The funny thing is, I feel like I’ve hardly taught him a thing. It’s like starting kindergarten with a kid who already knows how to read. I mean, that’s exactly what it is, I guess. Only, attach autism to that. From sun up, to sun down –I mean I’m not kidding, he has a night light we keep on his side of the bed and he sits up and reads until he falls asleep on top of his books, every night–that boy is reading, writing, and learning.
It was sometime a few months ago when I stumbled through the rabbit hole of Pinterest, searching for autism resources for reading and writing that I found the term Hyperlexia. I found a blogging mother whose son is hyperlexic. I combed through Dyan’s posts with butterflies in my stomach as I discovered that this letter thing is a thing! There are other kids out there who love letters and can read at a crazy early age (some with autism, some without)! Her blog is here, and boy is she good with the information. I tracked her down on Instagram and was amazed at the photo trail of her gifted son, who writes adorable lists of things he wants to do for the day in chalk on their driveway.
It is our hope that Emmett will be able to write in a way which helps him tell us what he wants and needs. Slowly we are finding it’s working.
We take notebooks with us, especially to Mass where it’s important to be quiet, and we use it to allow Emmett to have a sense of calm. We use it to communicate to him that one of us is taking his brother to the bathroom, because otherwise Emmett will become upset [read: screaming & bellowing] at the fact that some of us are leaving, and some of us are still sitting in the pew.
We have a little pocket sized prayer book which Emmett likes to read from especially during Mass. Now, instead of hearing him bellow random movie lines, you’re likely to hear him bellow the Hail Mary, which I like to tell myself is more acceptable. Right? I can hardly be annoyed in Mass at a loud kid who’s just trying to pray. ;)
There are other ways.
“So, are you sending Emmett to school?” I am asked sometimes.
We don’t know. Right now, we are finding that we’ve gained more headway as his advocates than any of the outside help has offered. So far, we’ve found that we feel pressured to sign the dotted line so that the school system can obtain their government paycheck. So far, we feel (in our local area anyway) that the concern isn’t for Emmett but, to put it crudely, for the sale.
The therapist named Lyssa has been the only person who felt like an advocate for Emmett. And even she seemed tied up by her place of employment to feel she could speak freely about Emmett’s options outside of the local public special needs program.
I was worried about our local programs. I waited.
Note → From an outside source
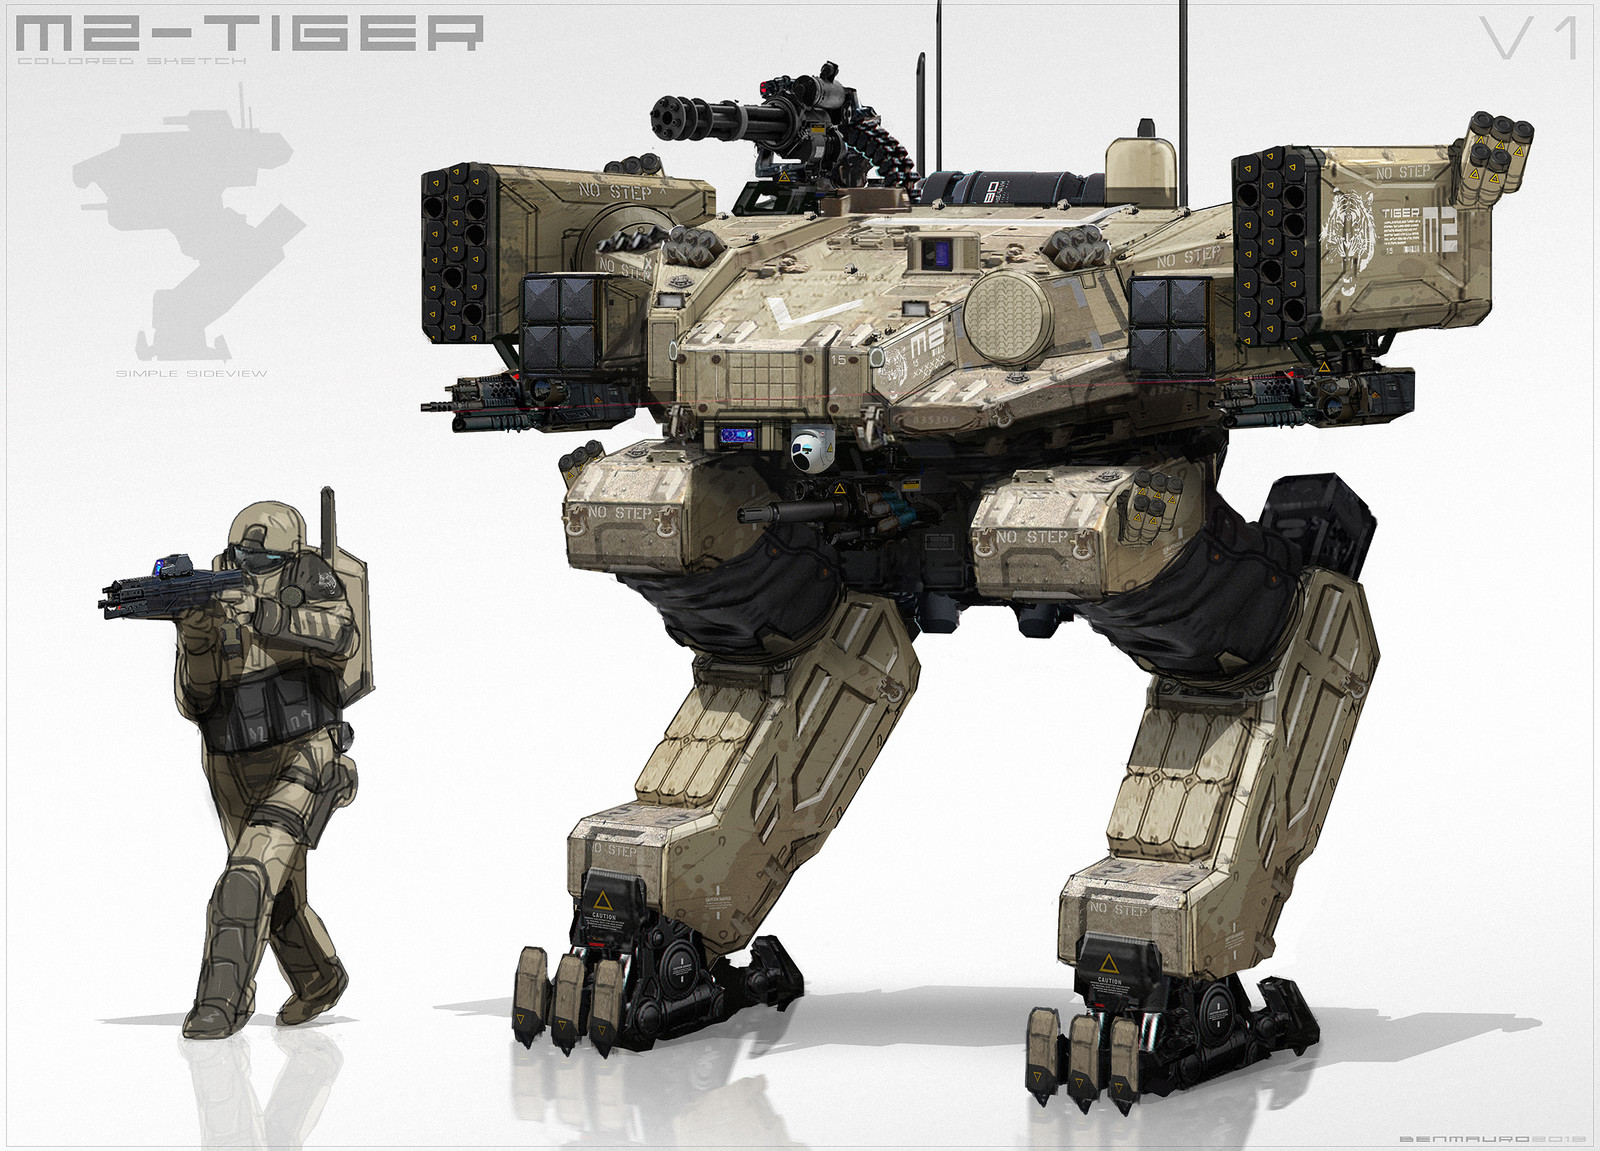 M2-TIGER
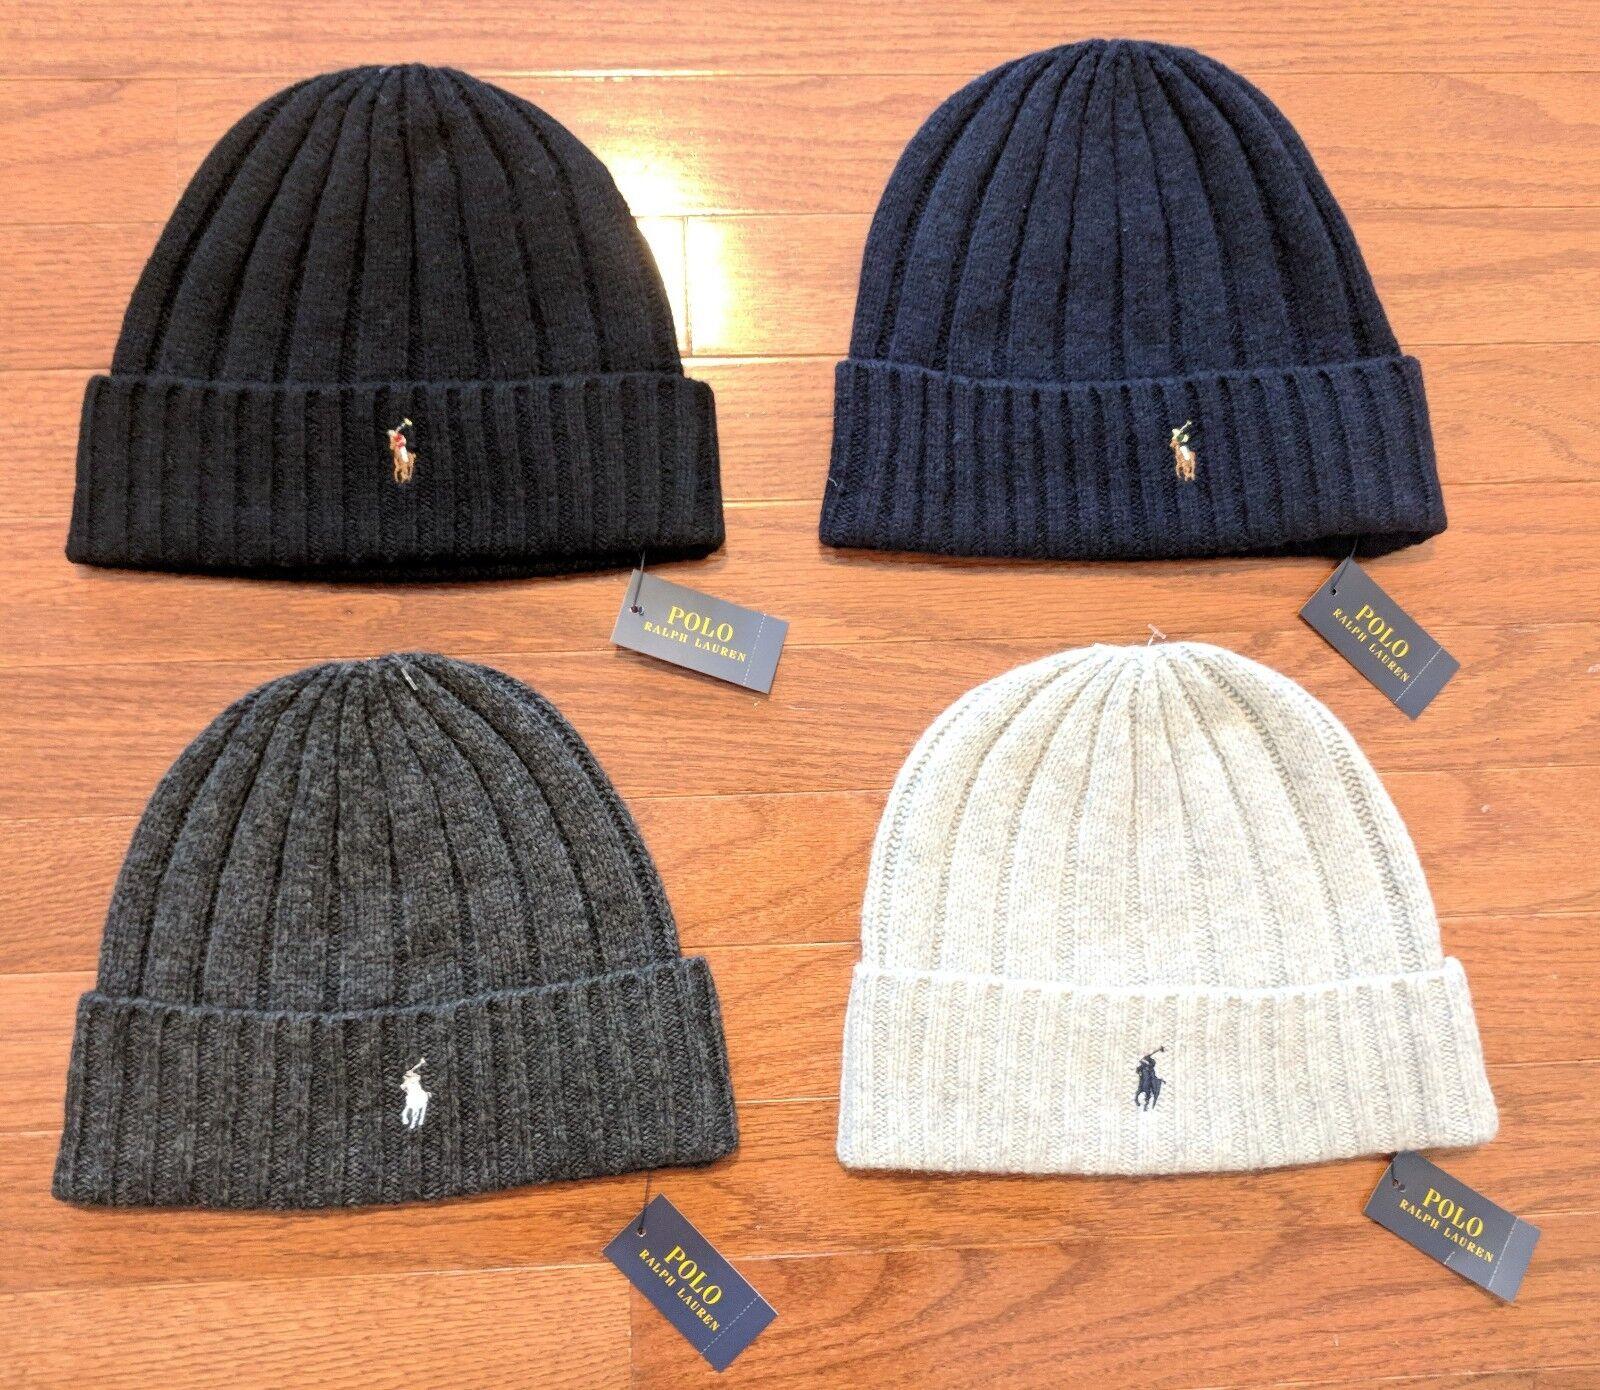 Polo Ralph Lauren Winter Cuffed Wool Ribbed Signature Small Logo Beanie  PP0054 아이템 넘버  183419960404.   1c7808349444

We kept Emmett home.
I’m relieved to hear positive accounts from many parents from elsewhere, but where we are, over the two years that we have waited, I’ve heard from more than one person, aside from our own experiences, of negative, unsupportive happenings and staff. Craig and I are glad we have waited. We are thankful that we have been able to learn about autism, hyperlexia, and most importantly, that we have been given time to learn from Emmett.
We don’t know what’s next. Maybe a school for Emmett. Maybe not. Maybe an unschool-type of homeschool will work brilliantly. But if there’s one thing I’ve learned about parenting children (outside of imminent health concerns), it’s to wait.